Liu Xinyao, Xin Junchang, Dai Bingtian, Shen Qi, Huang Zhihong, Wang Zhiqiong
College of Medicine and Biological Information Engineering, Northeastern University, 110819, China.
College of Computer Science and Engineering, Northeastern University, 110819, China.
Comput Methods Programs Biomed. 2025 Jan;258:108482. doi: 10.1016/j.cmpb.2024.108482. Epub 2024 Nov 14.
Automatic generation of medical reports reduces both the burden on radiologists and the possibility of errors due to the inexperience of radiologists. The model that utilizes attention mechanism and contrastive learning can generate medical reports by capturing both general and specific semantics. However, existing contrastive learning methods ignore the specificity of medical data, that is, a patient may suffer from multiple diseases at the same time. This means that the lack of fine-grained relationships for contrastive learning will lead to the problem of insufficient specificity.
To address the above problem, a label correlated contrastive learning method is proposed to encourage the model to generate higher-quality reports. Firstly, the refined similarity description matrix of the contrastive relationship between the reports is obtained by calculating the similarities between the multi-label classification of the reports. Secondly, the representations of image features and the embeddings containing semantic information from the decoder are projected into a hidden space. Thirdly, label correlated contrastive learning is performed with the hidden representations of the image, the embeddings of the text, and the similarity matrix. Through contrastive learning, the "hard" negative samples that share more labels with the target sample are being assigned more weights. Finally, label correlated contrastive learning and attention mechanism are combined to generate reports.

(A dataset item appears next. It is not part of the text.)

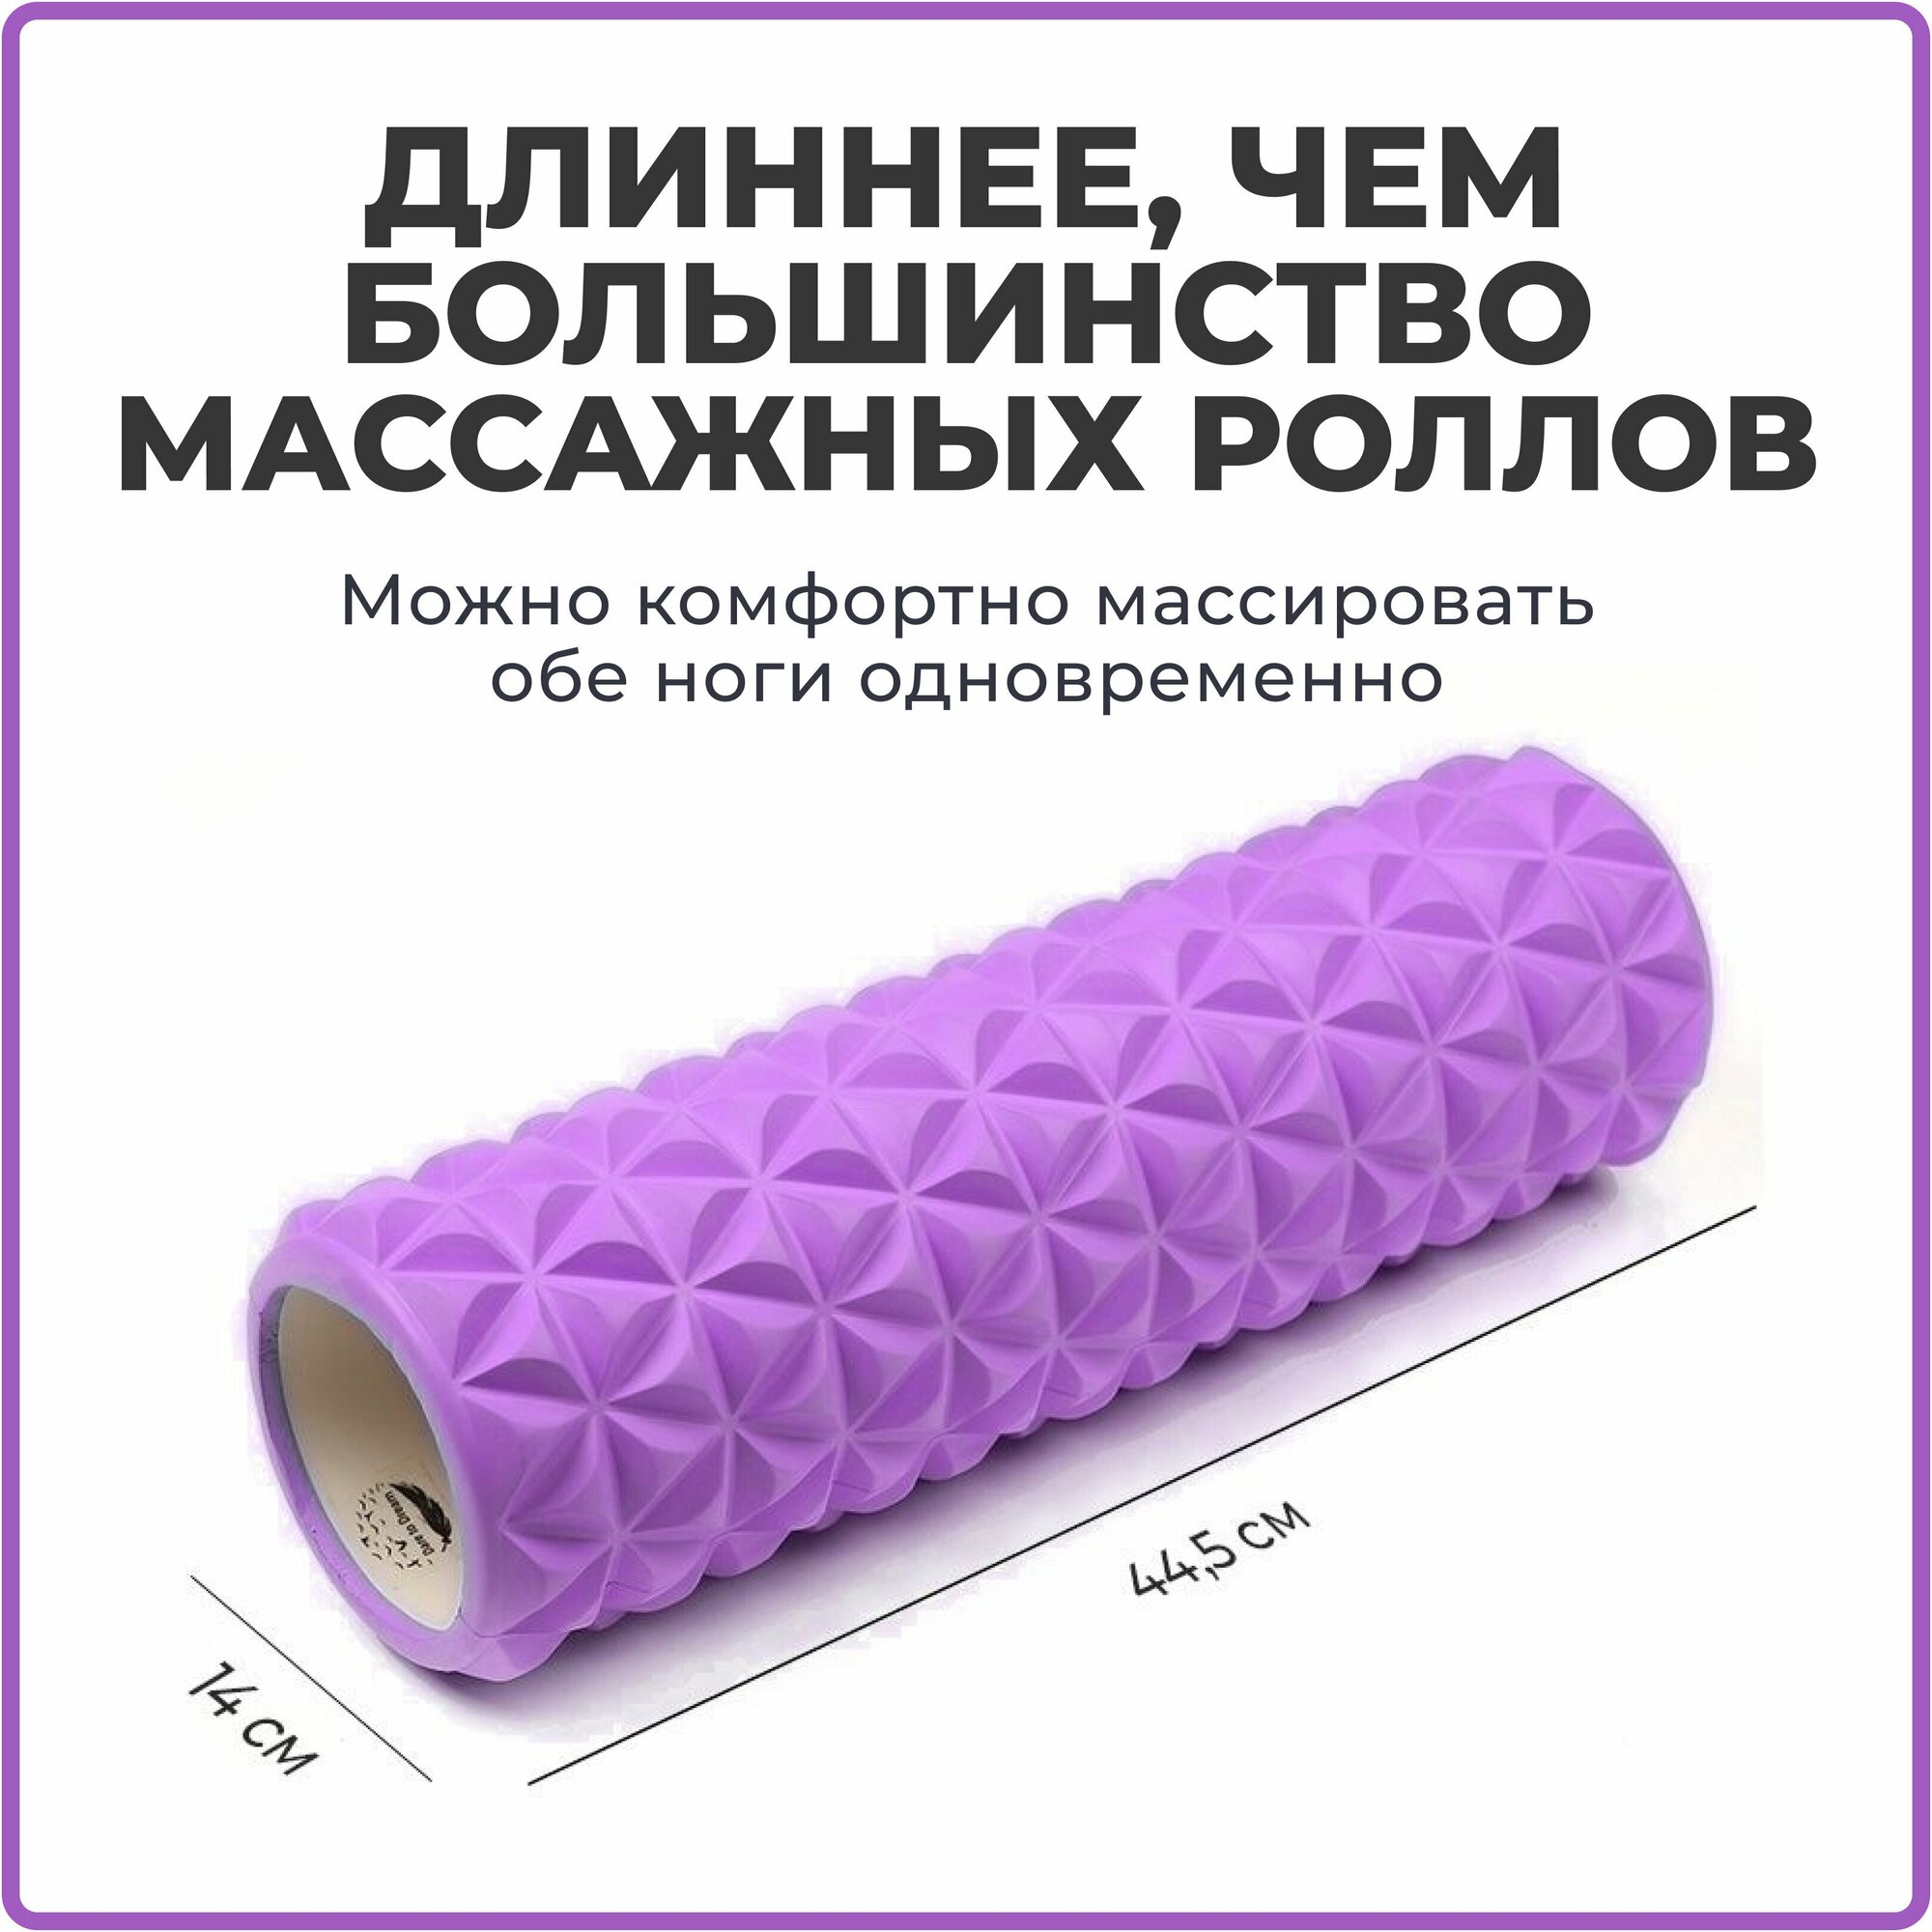 Ролик массажный 45 см для йоги, фитнеса, пилатеса и МФР, фиолетовый. Ролл для МФР, валик для спины, МФР ролл, массажер для спины

Comprehensive experiments are conducted on widely used datasets, IU X-ray and MIMIC-CXR. Specifically, on IU X-ray dataset, our method achieves METEOR and ROUGE-L scores of 0.198 and 0.392, respectively. On MIMIC-CXR dataset, our method achieves precision, recall, and F-1 scores of 0.384, 0.376, and 0.304, respectively. The results indicate that proposed method outperforms previous state-of-the-art models.
This work improves the performance of automatically generating medical reports, making their application in computer-aided diagnosis feasible.
医学报告的自动生成既减轻了放射科医生的负担,又降低了因放射科医生经验不足而导致错误的可能性。利用注意力机制和对比学习的模型可以通过捕捉一般语义和特定语义来生成医学报告。然而,现有的对比学习方法忽略了医学数据的特殊性,即患者可能同时患有多种疾病。这意味着对比学习缺乏细粒度关系会导致特异性不足的问题。
为了解决上述问题,提出了一种标签相关对比学习方法,以鼓励模型生成更高质量的报告。首先,通过计算报告的多标签分类之间的相似度,得到报告对比关系的精细相似度描述矩阵。其次,将图像特征的表示和来自解码器的包含语义信息的嵌入投影到一个隐藏空间中。第三,利用图像的隐藏表示、文本的嵌入和相似度矩阵进行标签相关对比学习。通过对比学习,与目标样本共享更多标签的“硬”负样本被赋予更大的权重。最后,将标签相关对比学习与注意力机制相结合来生成报告。
在广泛使用的数据集IU X射线和MIMIC-CXR上进行了综合实验。具体而言,在IU X射线数据集上,我们的方法分别实现了METEOR和ROUGE-L分数为0.198和0.392。在MIMIC-CXR数据集上,我们的方法分别实现了精确率、召回率和F-1分数为0.384、0.376和0.304。结果表明,所提出的方法优于先前的最先进模型。
这项工作提高了医学报告自动生成的性能,使其在计算机辅助诊断中的应用成为可能。